I knew that wasn't the question. But all babies whose parent gets child allowance begining in Sept. 2002 is entitled to a £250 baby bond and if the parent doesn't claim it the Government opens an account anyway. 

It took years, decades, for the US and UK treasuries to negotiate a treaty acknowledging pension trusts and entitlements as taxable only when received. That right to defer taxation arises only from domestic law in every other case. Mostly the capital and interest in question do not justify the professional expertise required to deal with reporting requirements in the "other" country of taxation. That's why it is deplorable that there are automatic penalties of $1,000 and $10,000 etc. for nonreporting of foreign accounts, trusts, limited companies, etc.

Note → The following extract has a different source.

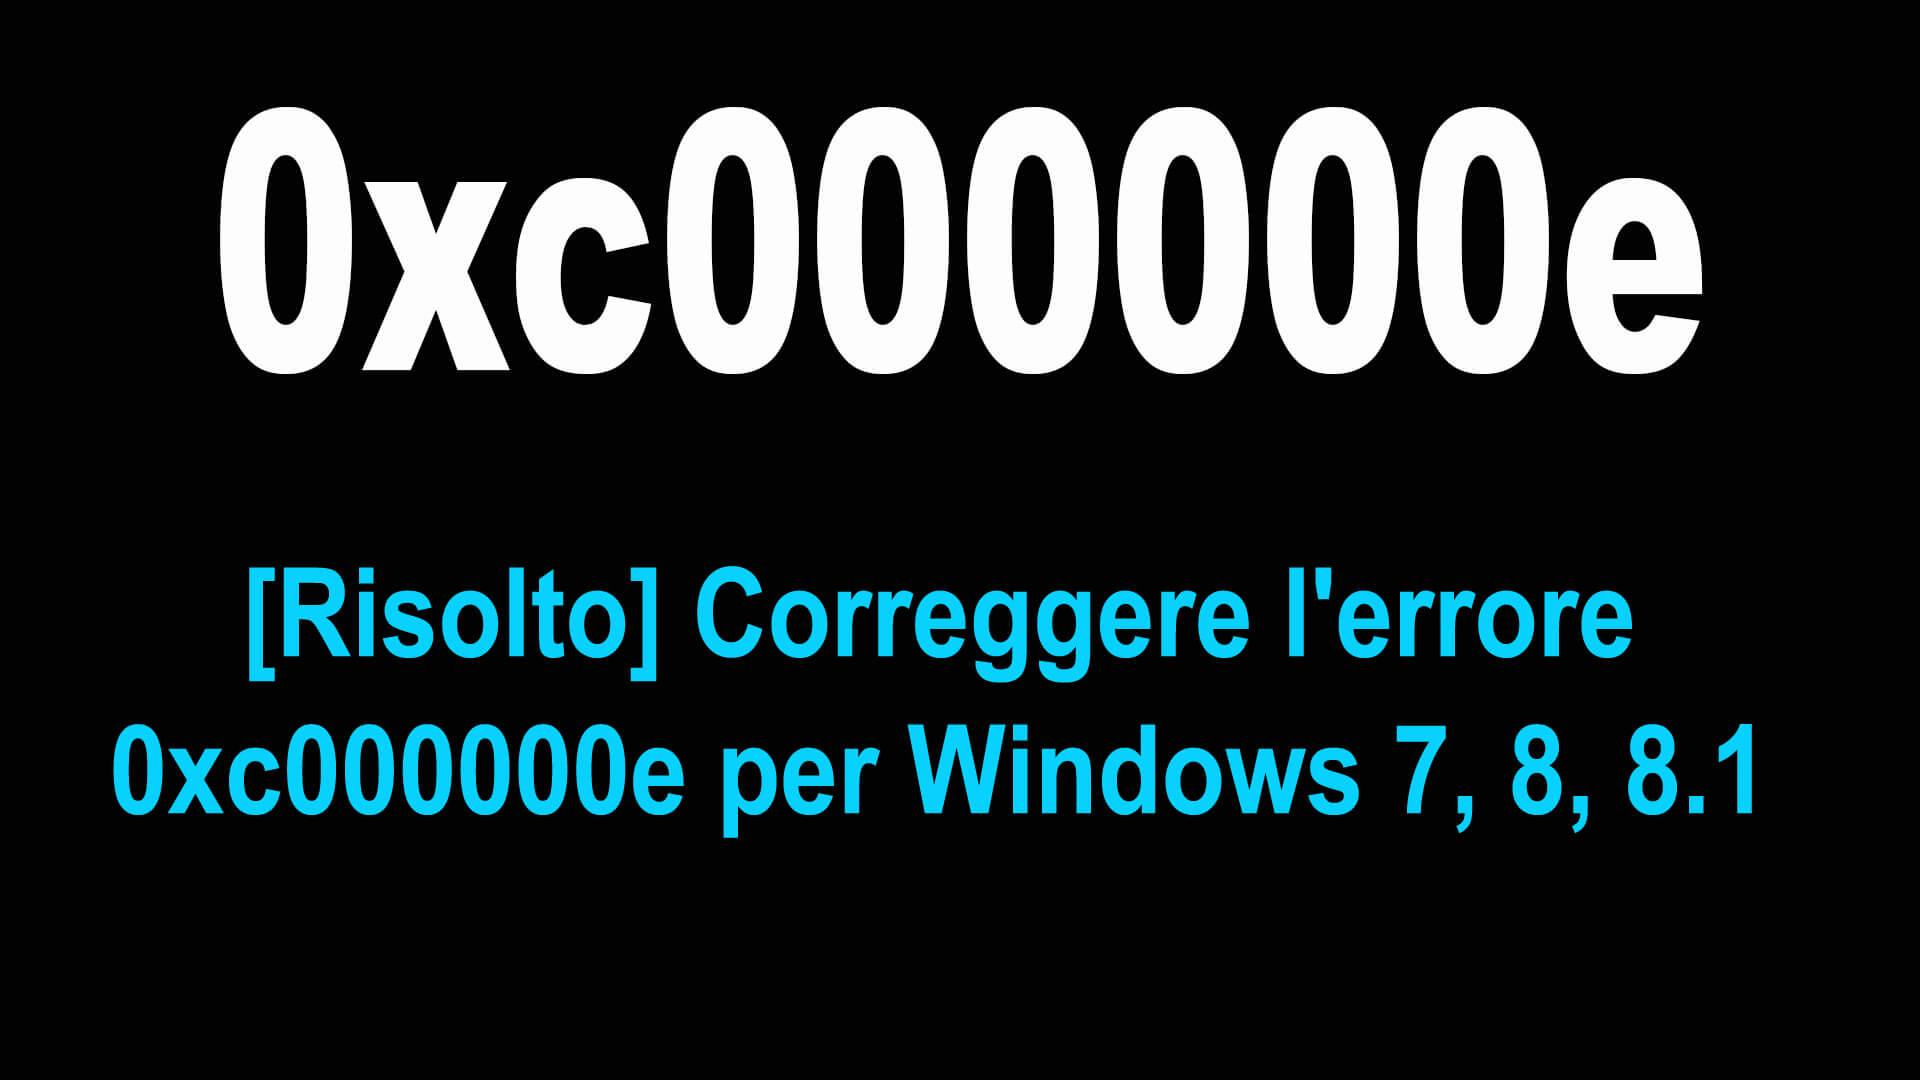 errore 0xc000000e

As I wrote earlier, with a bit of advance planning you could have avoided some of the reporting requirements. A proper trust created by a US person would likely have entailed filing form 3520, which is not nice, but your arrangement doesn't seem to require it:
Instructions for Form 3520 (2008)
A child's trust fund might:

Reportable Event
A reportable event includes:
1. The creation of a foreign trust by a U.S. person.
2. The transfer of any money or property, directly or indirectly, to a foreign trust by a U.S. person, including a transfer by reason of death. This includes transfers that are deemed to have occurred under sections 679(a)(4) and (5). 
3. The death of a citizen or resident of the United States if:
The decedent was treated as the owner of any portion of a foreign trust under the grantor trust rules or
Any portion of a foreign trust was included in the gross estate of the decedent.

Penalties
A penalty generally applies if Form 3520 is not timely filed or if the information is incomplete or incorrect. Generally, the penalty is:
35% of the gross value of any property transferred to a foreign trust for failure by a U.S. transferor to report the transfer,
35% of the gross value of the distributions received from a foreign trust for failure by a U.S. person to report receipt of the distribution, or
5% of the amount of certain foreign gifts for each month for which the failure to report continues (not to exceed a total of 25%). See section 6039F(c).